I have a GLMM of the form:

lmer(present? ~ factor1 + factor2 + continuous + factor1*continuous + 
                (1 | factor3), family=binomial)

When I use drop1(model, test="Chi"), I get different results than if I use Anova(model, type="III") from the car package or summary(model). These latter two give the same answers.

Using a bunch of fabricated data, I have found that these two methods normally do not differ. They give the same answer for balanced linear models, unbalanced linear models (where unequal n in different groups), and for balanced generalised linear models, but not for balanced generalised linear mixed models.
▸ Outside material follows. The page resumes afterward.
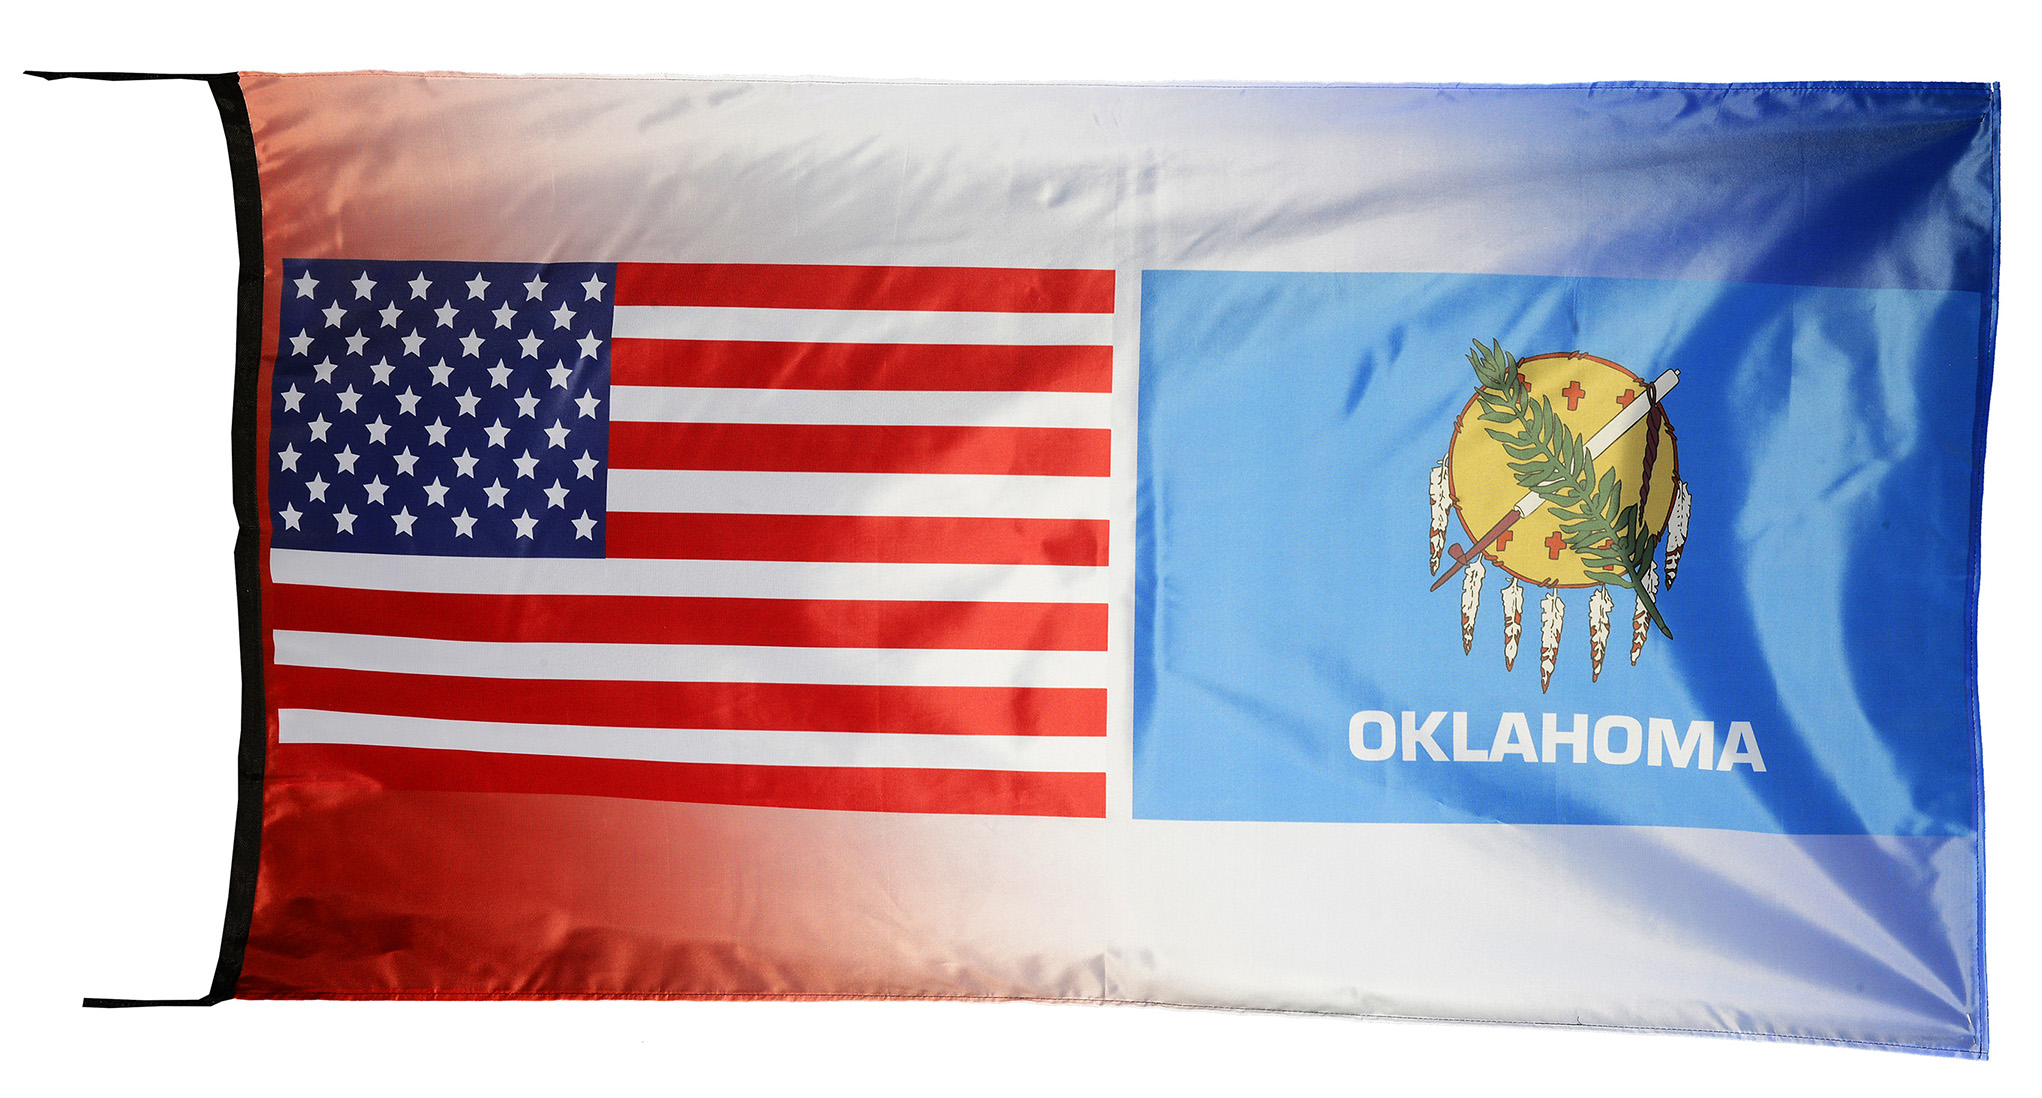 Flag  106 USA / US Country / United States Of America and Oklahoma State / Patriotic / Pride Hybrid Weather-Resistant Polyester Outdoor Flag Landscape Banner / Vivid Colors / 3 X 5 FT (150 x 90cm) International Flags for Sale

So it appears that only in cases where random factors are included does this discord manifest.

  • Why is there a discrepancy between these two methods?
  • When using GLMM should Anova() or drop1() be used?
  • The difference between these two is rather slight, at least for my data. Does it even matter which is used?

1 Answer 1


I think it is the difference of which tests are computed. car::Anova uses Wald tests, whereas drop1 refits the model dropping single terms. John Fox once wrote me, that Wald tests and tests from refitted models using likelihood ratio tests (i.e., the strategy from drop1) agree for linear but not necessarily non-linear models. Unfortunately this mail was offlist and did not contain any reference. But I know that his book has a chapter on Wald tests, which could contain the desired info.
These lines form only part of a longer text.